Try it - Set the data down again, exactly as it reads, but without the pictures.

Supplied data -
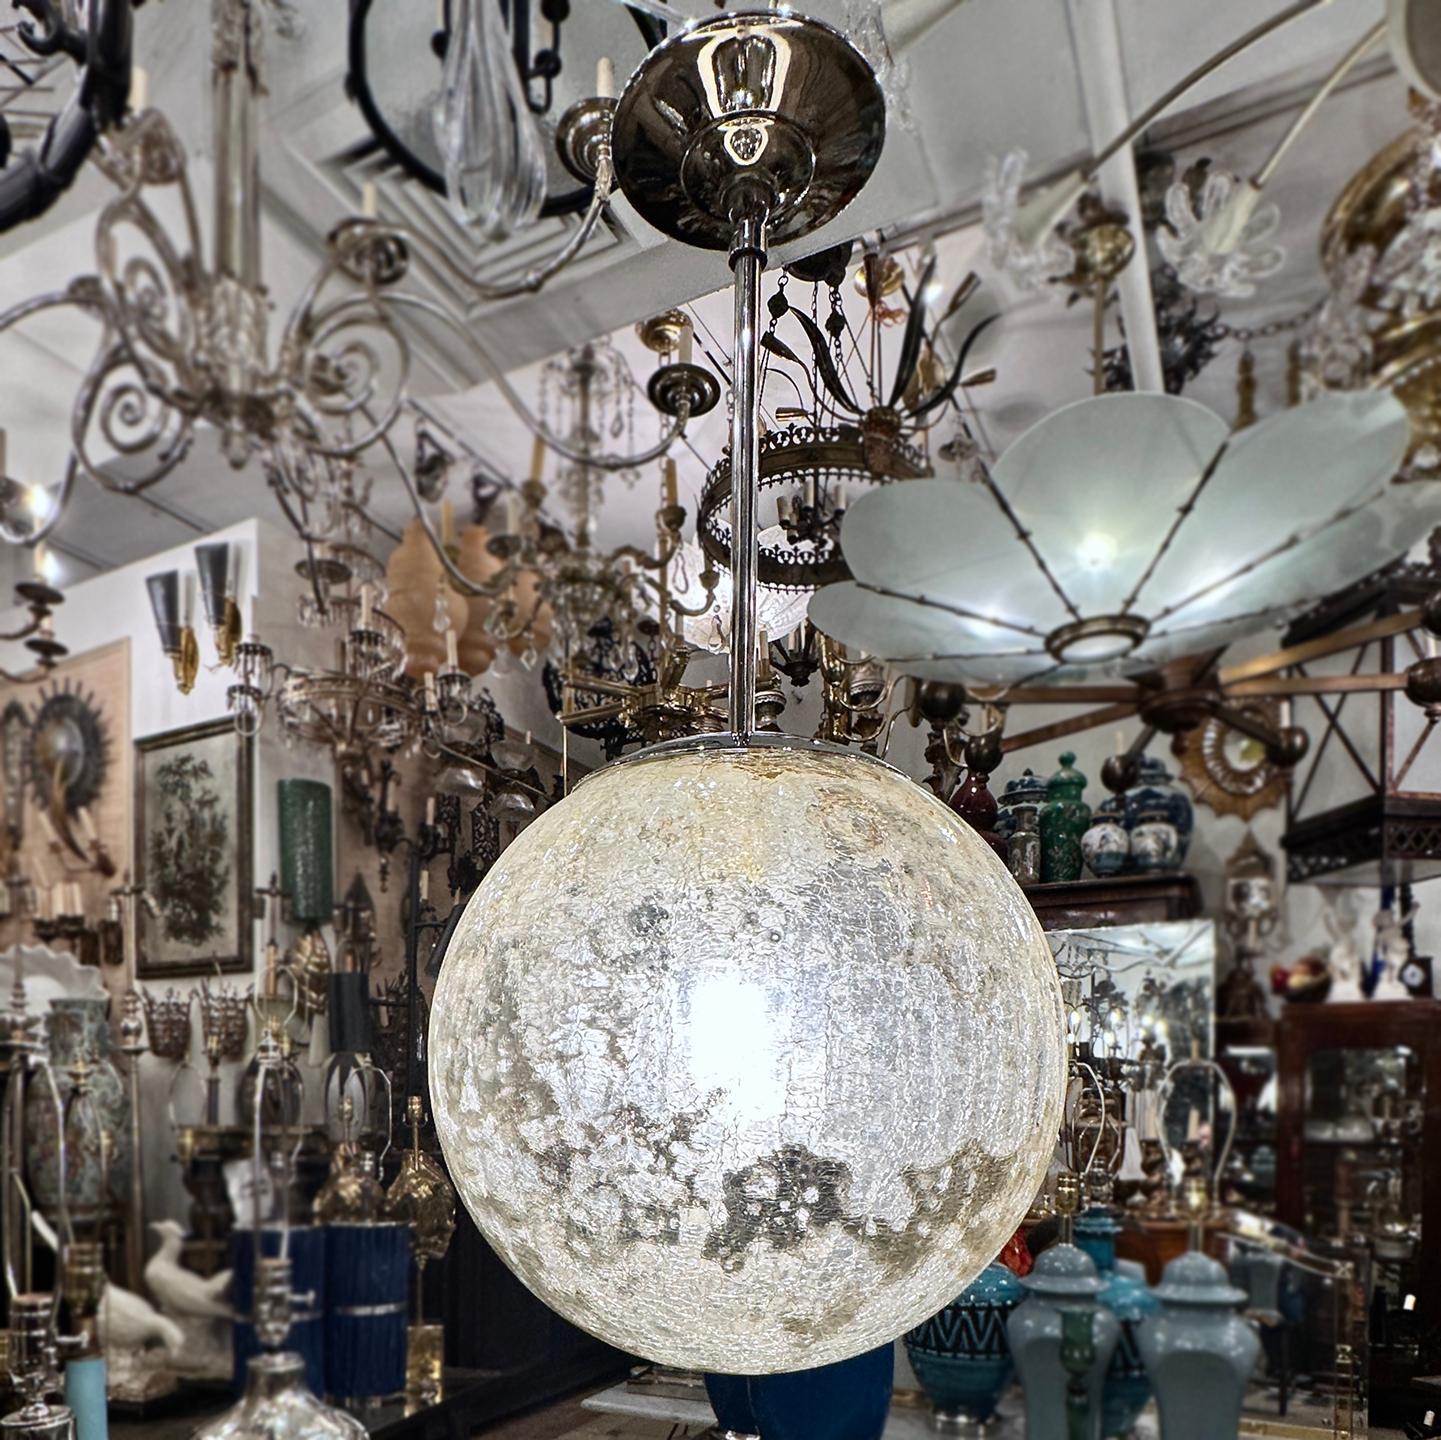 A circa 1960's Italian crackled and mirrored globe light fixture.

Measurements:
Current drop: 22
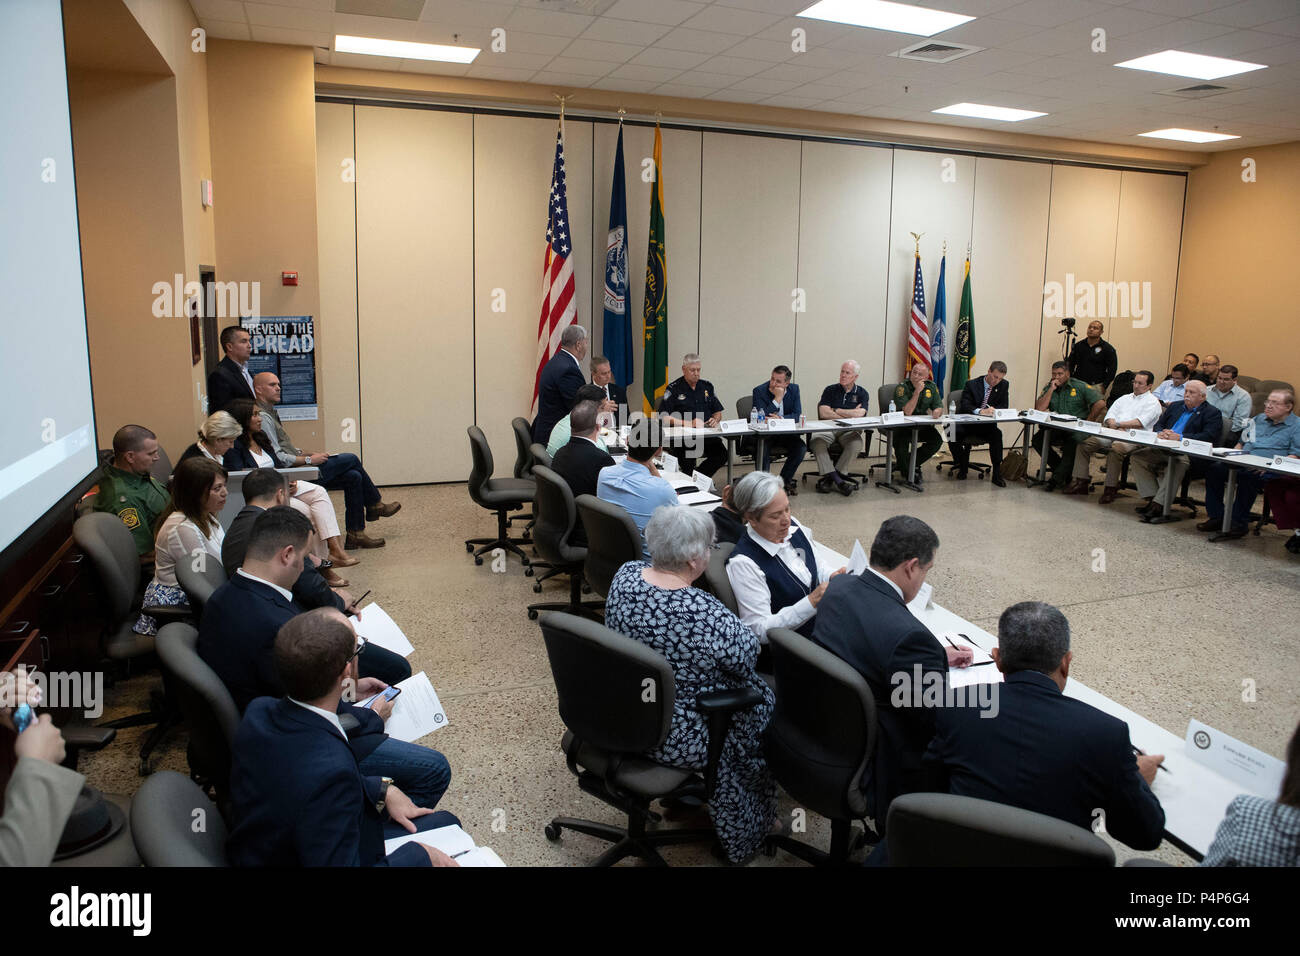 Seated between flags, U.S. Senators Ted Cruz, left, and John Cornyn listen as federal and Texas officials and stakeholders meet in a round-table discussion of the immigration crisis hitting the Texas-Mexico border. Confusion and public outrage reigned regarding the Trump administration's policy of separating undocumented immigrant parents from their children after crossing into the U.S. from Mexico. Stock Photo

Task solution -
 A circa 1960's Italian crackled and mirrored globe light fixture.

Measurements:
Current drop: 22
 Seated between flags, U.S. Senators Ted Cruz, left, and John Cornyn listen as federal and Texas officials and stakeholders meet in a round-table discussion of the immigration crisis hitting the Texas-Mexico border. Confusion and public outrage reigned regarding the Trump administration's policy of separating undocumented immigrant parents from their children after crossing into the U.S. from Mexico. Stock Photo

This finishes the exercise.